12. The process according to claim 1, wherein the pre-tube is drawn after the tempering step.

13. The process according to claim 12, wherein the pre-tube is subjected to stress relieving annealing after drawing.

14. The process according to claim 1, wherein the heating is by induction heating.

15. The process according to claim 1, wherein the quenching is at a t8/5 time of less than 4 s.

16. The process according to claim 1, wherein the pre-tube is maintained at the quenching temperature for a period of 1 to 10 seconds prior to quenching.

17. The process according to claim 1, wherein the pre-tube is maintained at the tempering temperature for a period of time greater than 5 seconds.

18. The process according to claim 1, wherein the pre-tube is heated to a temperature of Ac3+50° C. for hardening.

19. The process according to claim 14, wherein the induction heating is at a heating rate greater than 50K/s.

20. The process according to claim 1, wherein the steel tube has a tensile strength of at least 1,050 MPa.

21. The process according to claim 1, wherein manganese is present in an amount in a range of 0.6-1.7 Ma %.

22. The process according to claim 1, wherein the steel tube has a microstructure with a former average austenite grain size (D.sub.avg) of <4.6 μm.

23. The process according to claim 1, wherein the steel tube has a microstructure with a former average austenite grain size (D.sub.avg) of <4.0 μm.
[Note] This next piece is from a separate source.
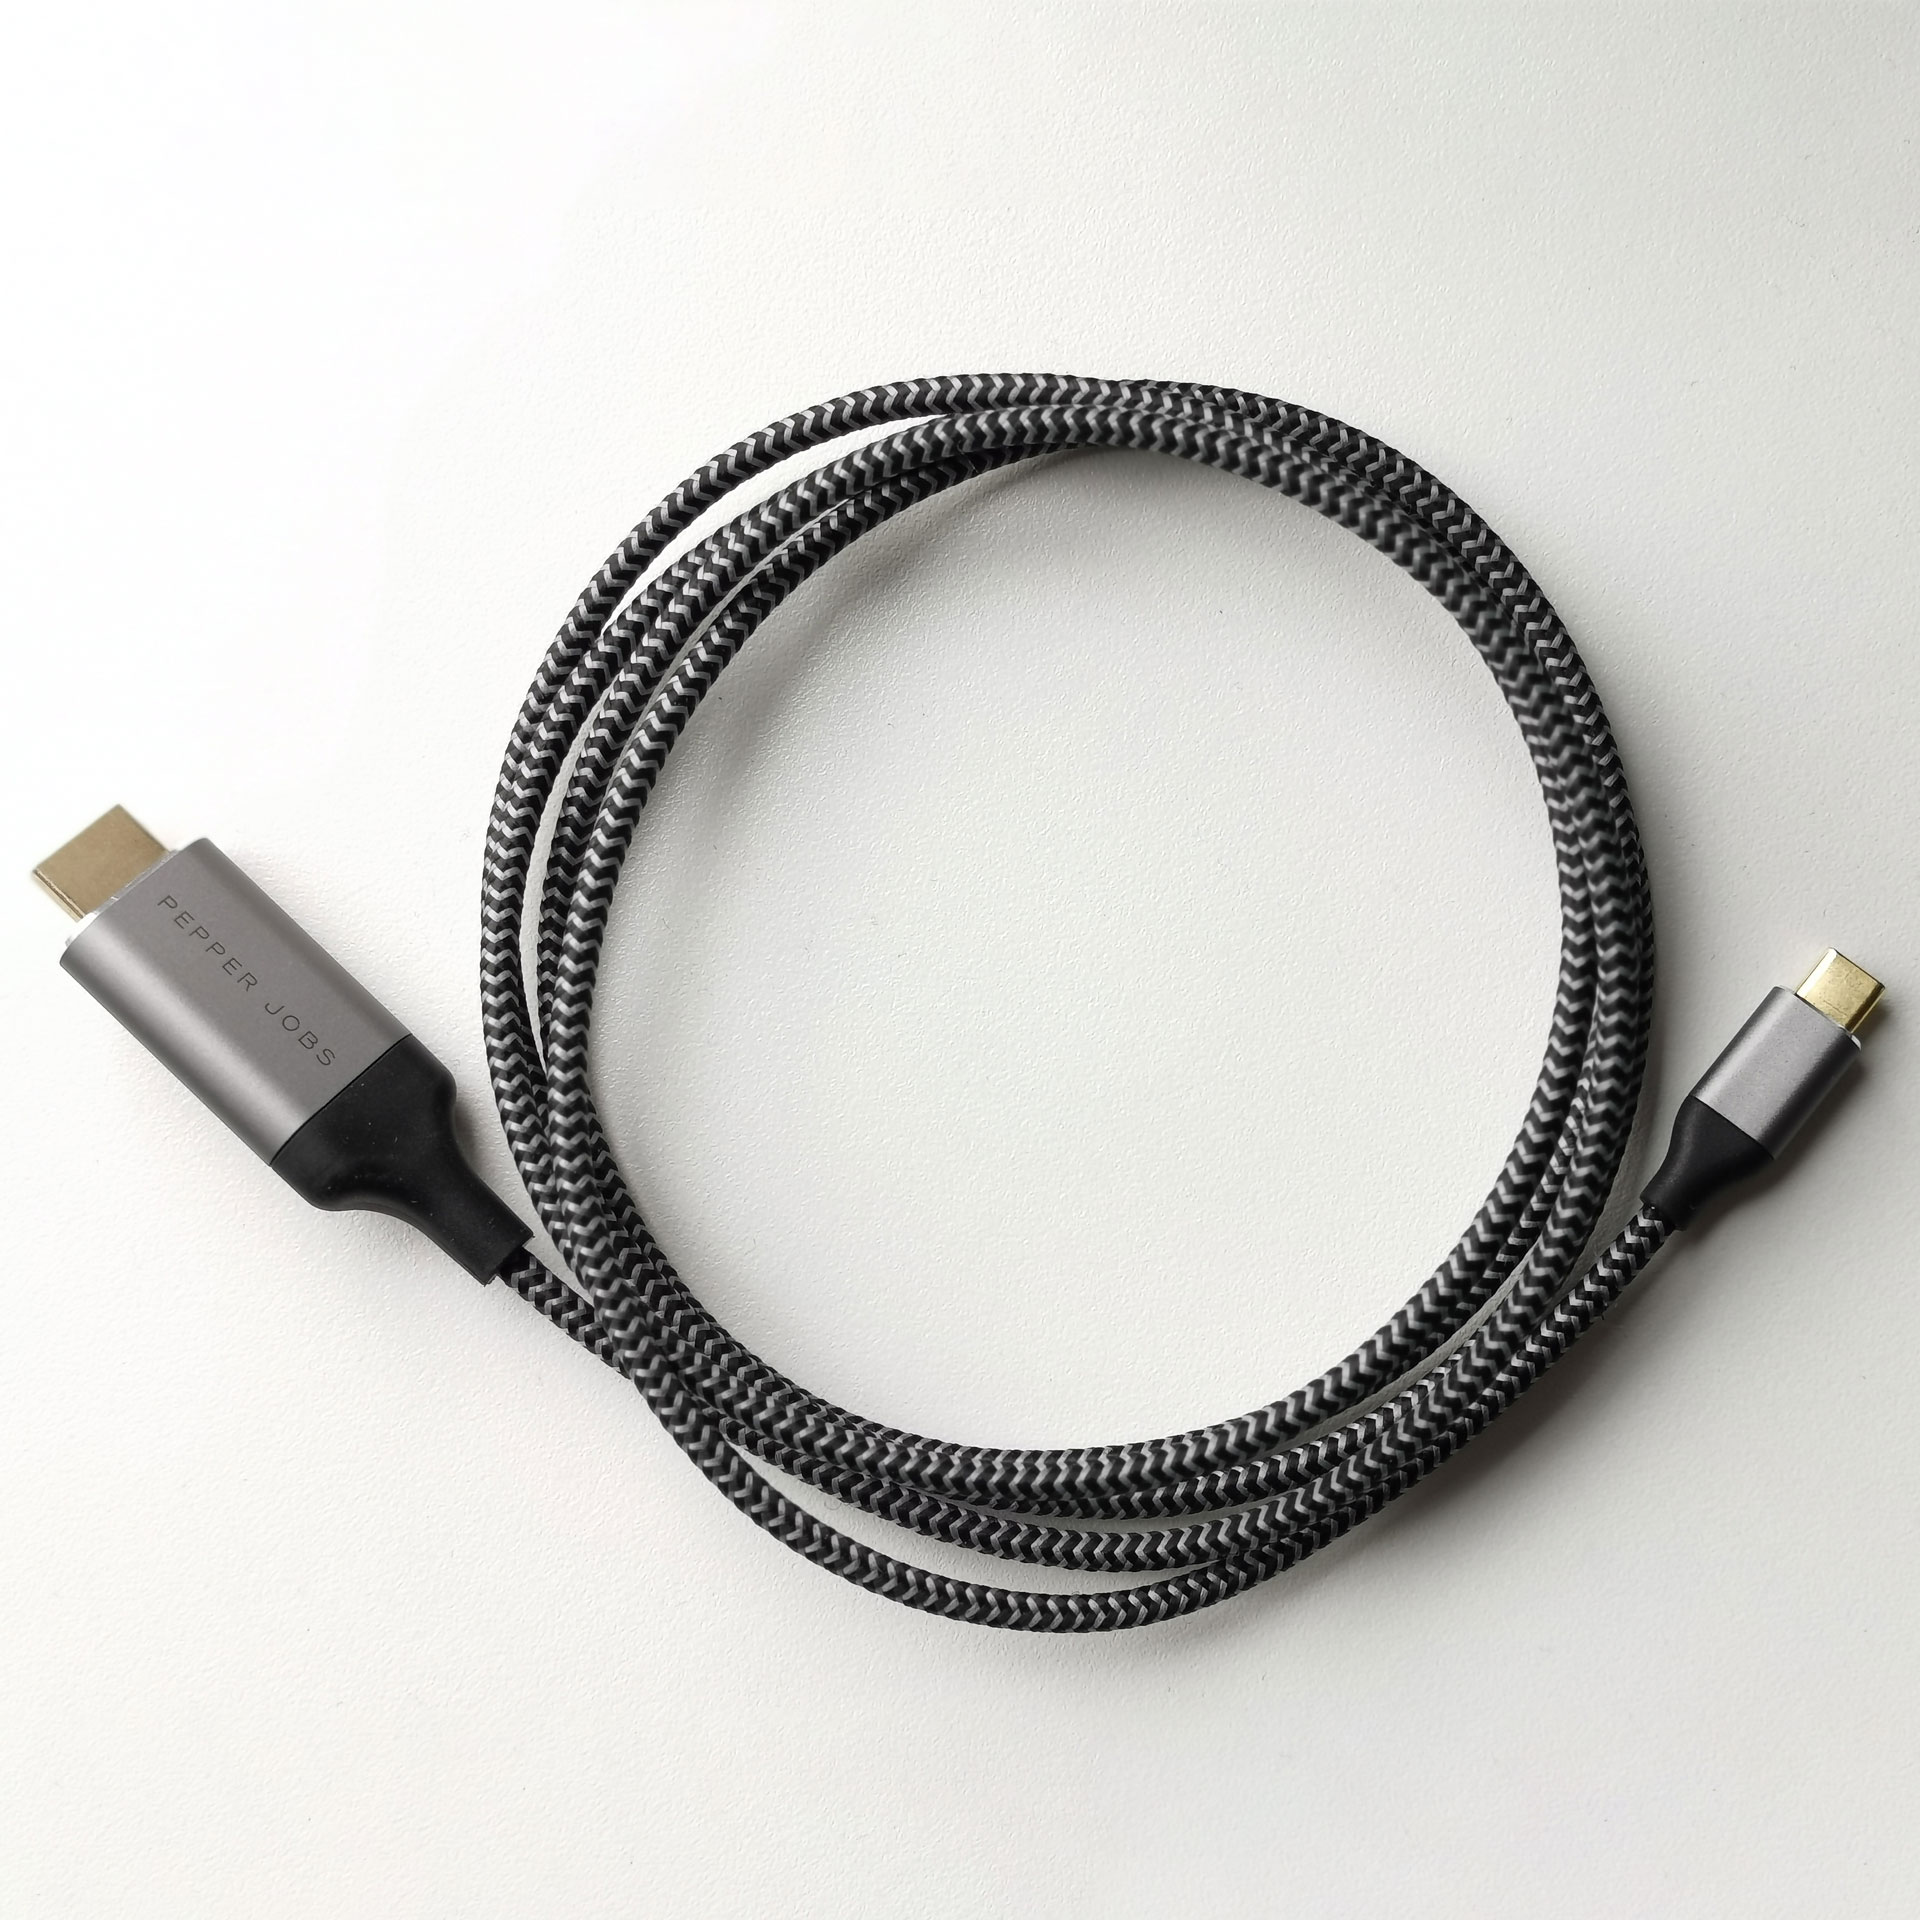 tuberculose Verwarren bevolking DVI naar HDMI kabel aanschaffen? Dit wil je weten! - GadgetGear.nl

24. The process according to claim 1, wherein the steel tube has a microstructure with a former average austenite grain size (D.sub.avg) of <3.5 μm.

25. A process for producing a high-strength steel tube, characterized in that a hot-rolled pre-tube made of a material having an Ac3 temperature at which the material of the pre-tube has been austenitized is subjected to at least two hardening steps with a final tempering step, the pre-tube is heated to a quenching temperature of at least the Ac3 temperature for hardening and is heated to a tempering temperature in a the range of 400 to 600° C. for tempering, wherein the quenching is at a t8/5 time of less than 4 s.

26. The process according to claim 25, wherein the steel tube has a microstructure with a former average austenite grain size (D.sub.avg) of <5 μm.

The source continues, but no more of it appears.